◆ **EXTRACTED RECORDS**:
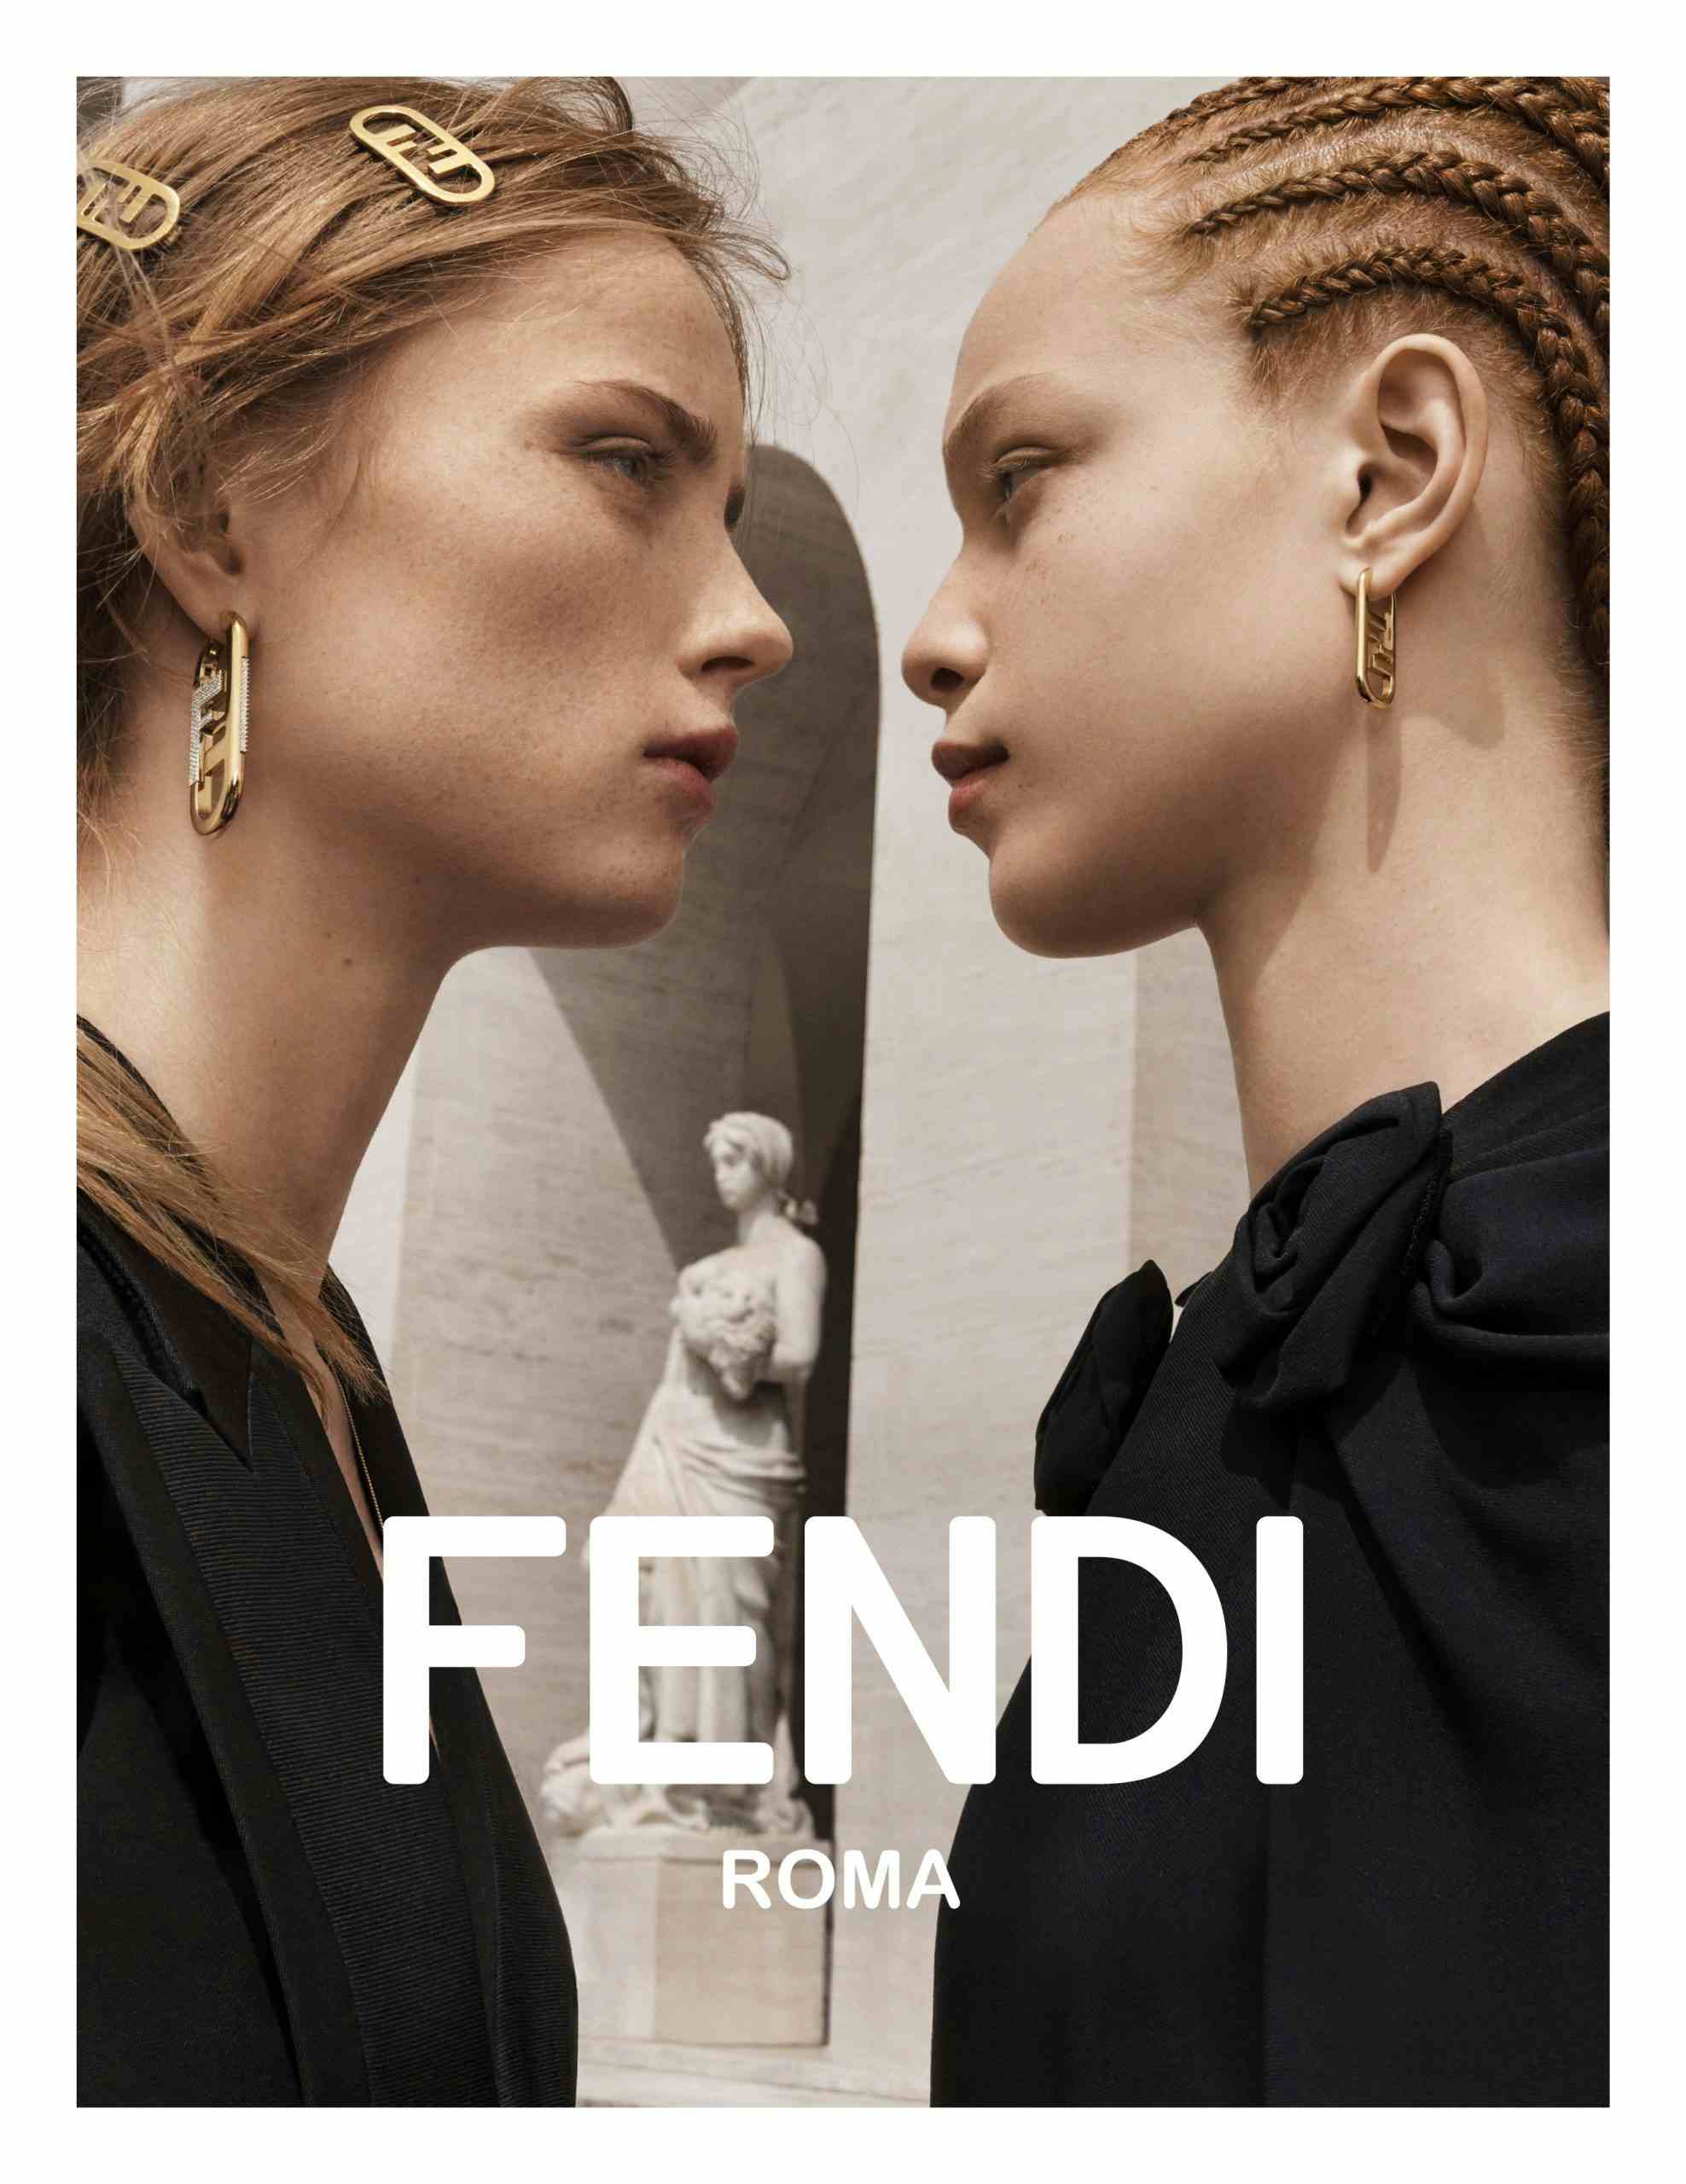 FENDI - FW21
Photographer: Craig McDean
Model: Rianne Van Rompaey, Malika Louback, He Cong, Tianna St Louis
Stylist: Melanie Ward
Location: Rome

◆ **TASK REQUIREMENTS**:
The line with "Photographer: Craig McDean" and all the lines after it in the records above are to be output exactly, with nothing added.

◆ **RESPONSE TO THIS EXERCISE**:
Photographer: Craig McDean
Model: Rianne Van Rompaey, Malika Louback, He Cong, Tianna St Louis
Stylist: Melanie Ward
Location: Rome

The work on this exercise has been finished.